What is aged kimchi?

Aged kimchi is well-fermented kimchi that’s past its prime. The fermentation process has done its job and then some. The taste will be very sour and uncomfortably tangy. Aged, old kimchi is soft, juicy, and will fizz in your mouth. It no longer tastes good when served at the table. Old kimchi, however, tastes very good in soups and stir fries, as the cooking process mellows out that intense tangy flavor. In Korean cooking, it’s the preferred kimchi for making soup, fried rice, and stir-fried kimchi.

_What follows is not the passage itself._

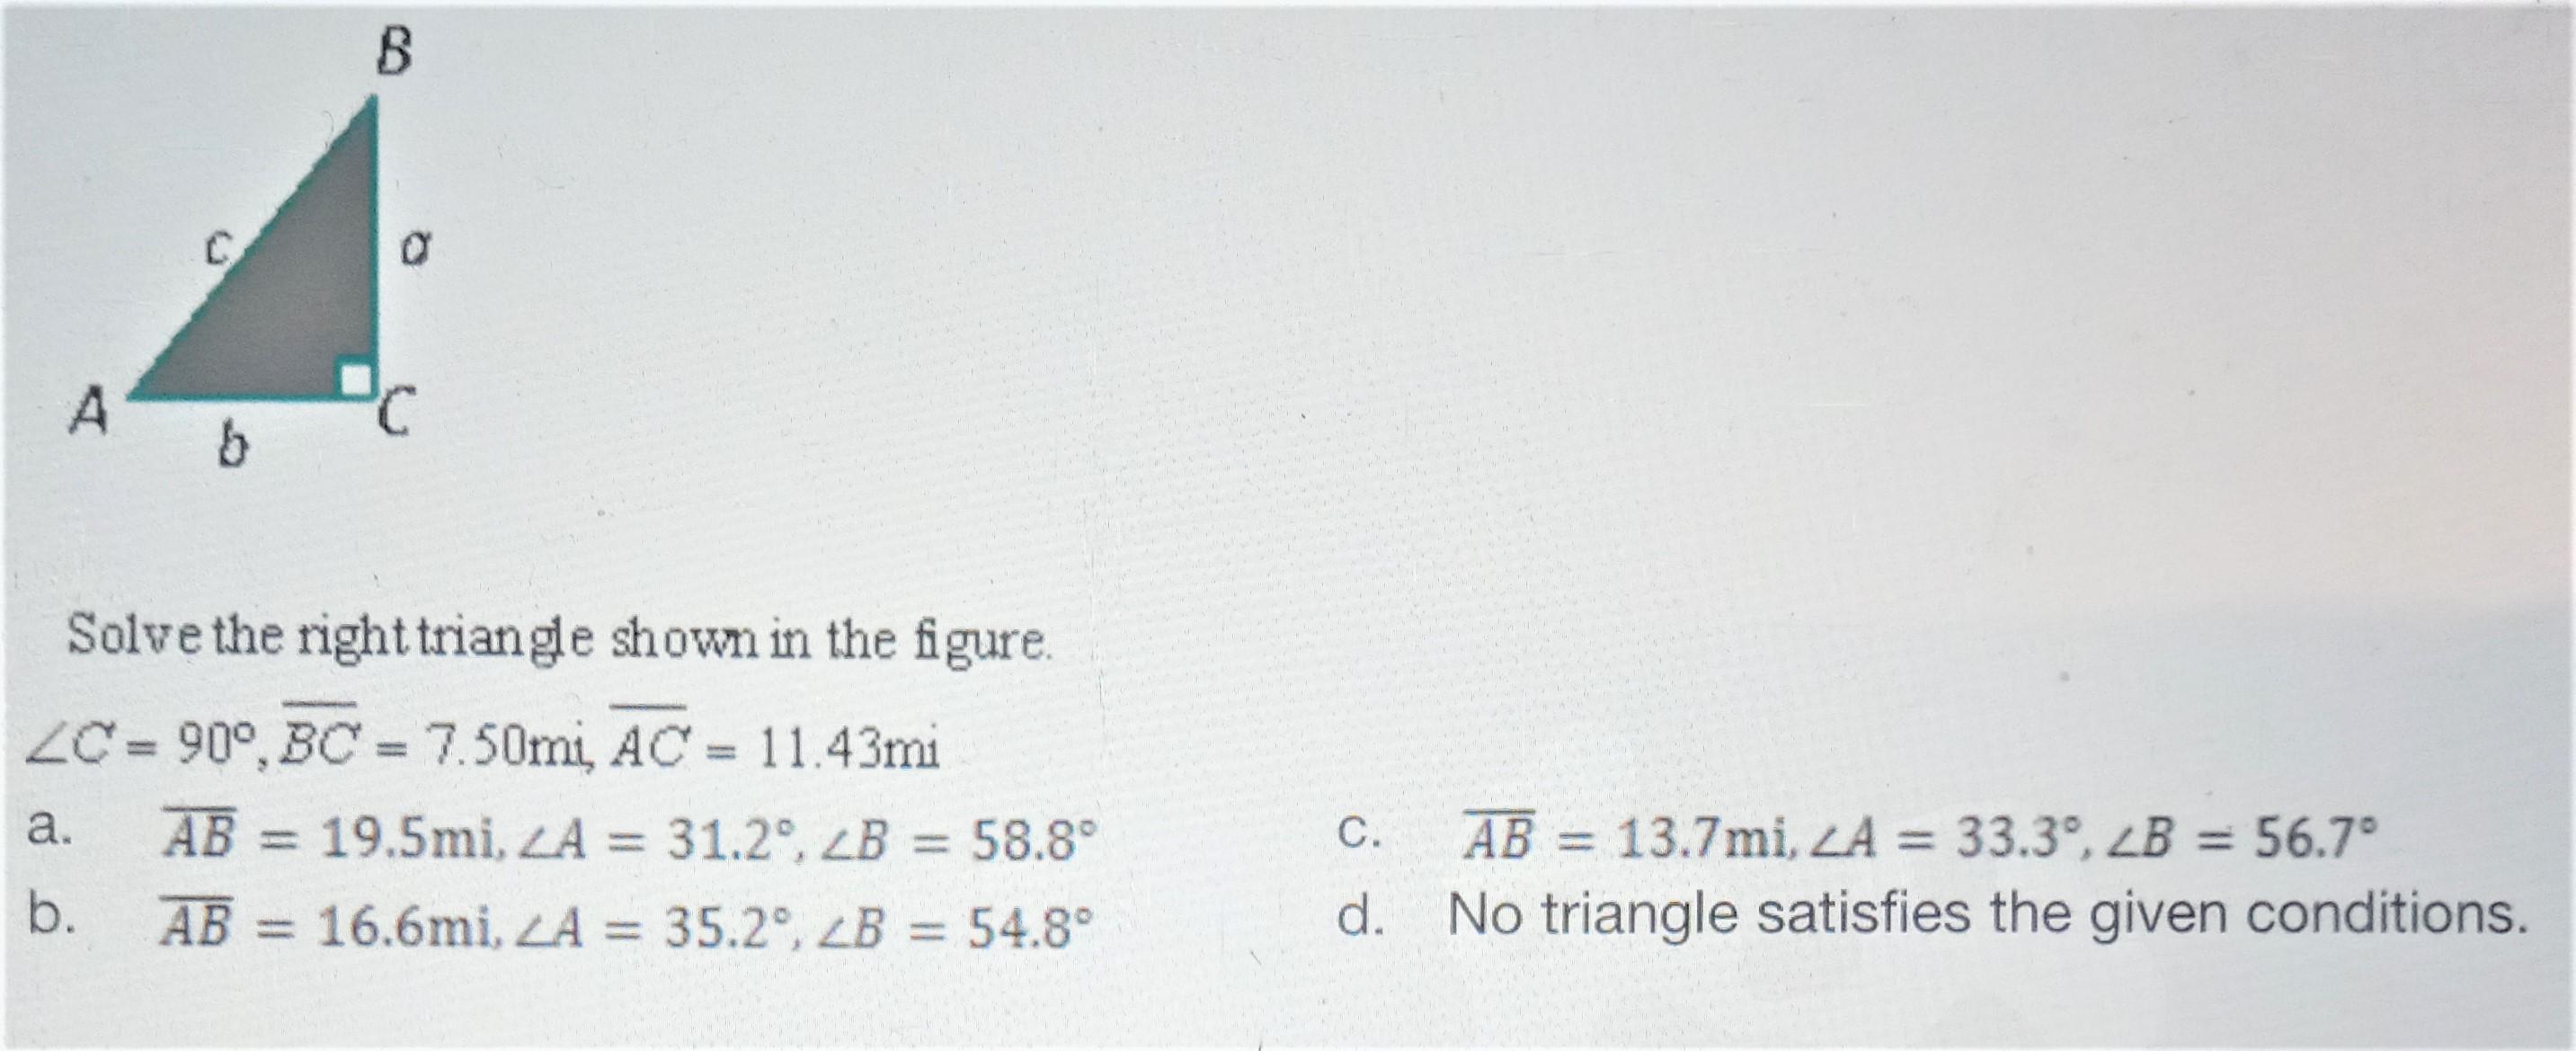 Right TrianglesSolve The Right Triangle Shown In The FigureC = 90, BC = 7.50mi, AC = 11.43mia. AB = 19.5mi,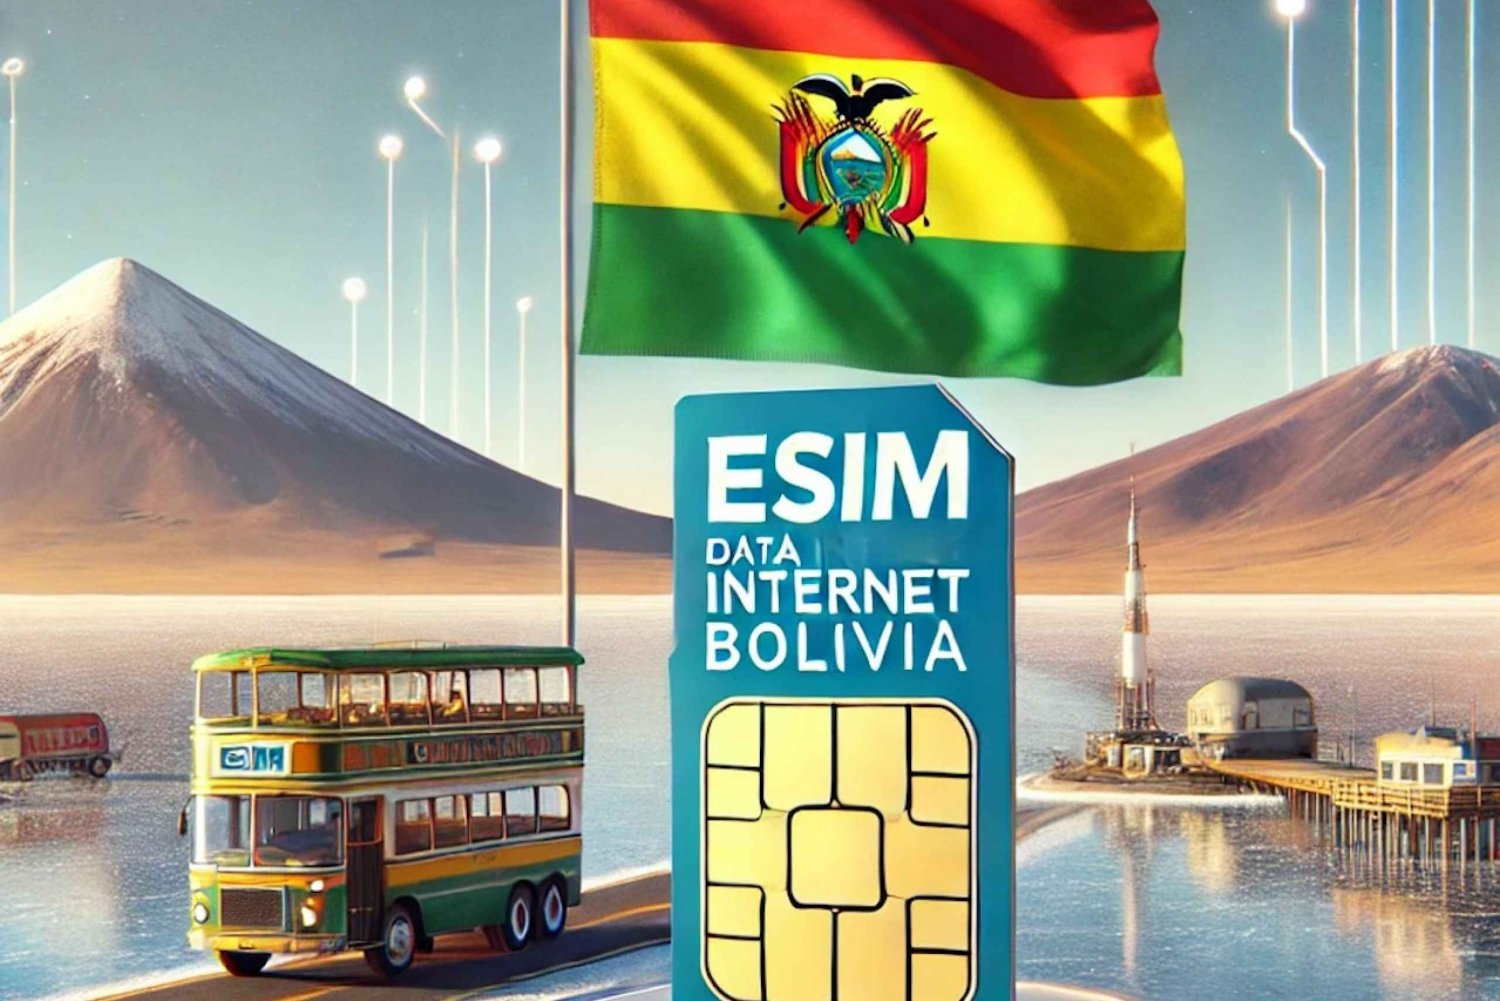 Bolivia: eSIM Internet Data Plan for 4G/5G

Kimchi is a fermented food product — like sauerkraut, yogurt, beer, or sourdough bread. As time passes, fermented food will continue to age and ferment. It will taste different depending on how long it’s been fermented.

Freshly made kimchi, called Geotjeori, is not fermented. The flavor is raw and crunchy; it tastes lightly seasoned.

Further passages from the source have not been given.